Deep Multi-scale Convolutional Neural Network for Dynamic Scene Deblurring

TL;DR

This paper introduces a multi-scale CNN for dynamic scene deblurring, trained on a new realistic dataset, achieving state-of-the-art results in removing complex motion blurs caused by various sources.

Contribution

The work presents a novel multi-scale CNN architecture with a specialized loss function and a large-scale realistic dataset for dynamic scene deblurring, surpassing existing methods.

Findings

Achieves state-of-the-art deblurring performance on dynamic scenes.

Effectively handles complex, non-uniform motion blurs.

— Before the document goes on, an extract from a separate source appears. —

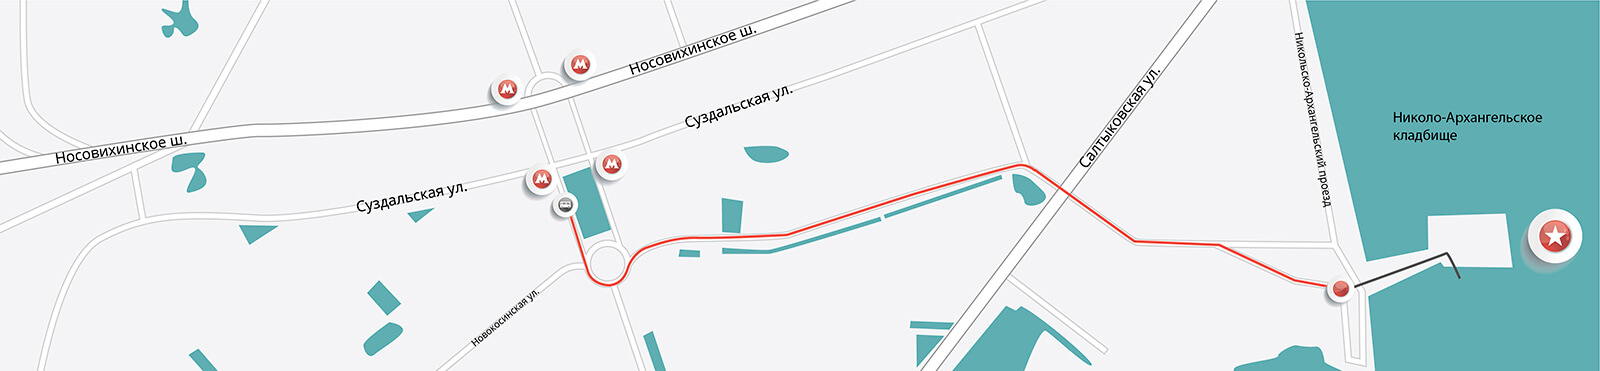 Схема проезда к Николо-Архангельскому кладбищу

Demonstrates superior qualitative and quantitative results.

Abstract

Non-uniform blind deblurring for general dynamic scenes is a challenging computer vision problem as blurs arise not only from multiple object motions but also from camera shake, scene depth variation. To remove these complicated motion blurs, conventional energy optimization based methods rely on simple assumptions such that blur kernel is partially uniform or locally linear. Moreover, recent machine learning based methods also depend on synthetic blur datasets generated under these assumptions. This makes conventional deblurring methods fail to remove blurs where blur kernel is difficult to approximate or parameterize (e.g. object motion boundaries). In this work, we propose a multi-scale convolutional neural network that restores sharp images in an end-to-end manner where blur is caused by various sources. Together, we present multi-scale loss function that mimics conventional coarse-to-fine approaches. Furthermore, we propose a new large-scale dataset that provides pairs of realistic blurry image and the corresponding ground truth sharp image that are obtained by a high-speed camera. With the proposed model trained on this dataset, we demonstrate empirically that our method achieves the state-of-the-art performance in dynamic scene deblurring not only qualitatively, but also quantitatively.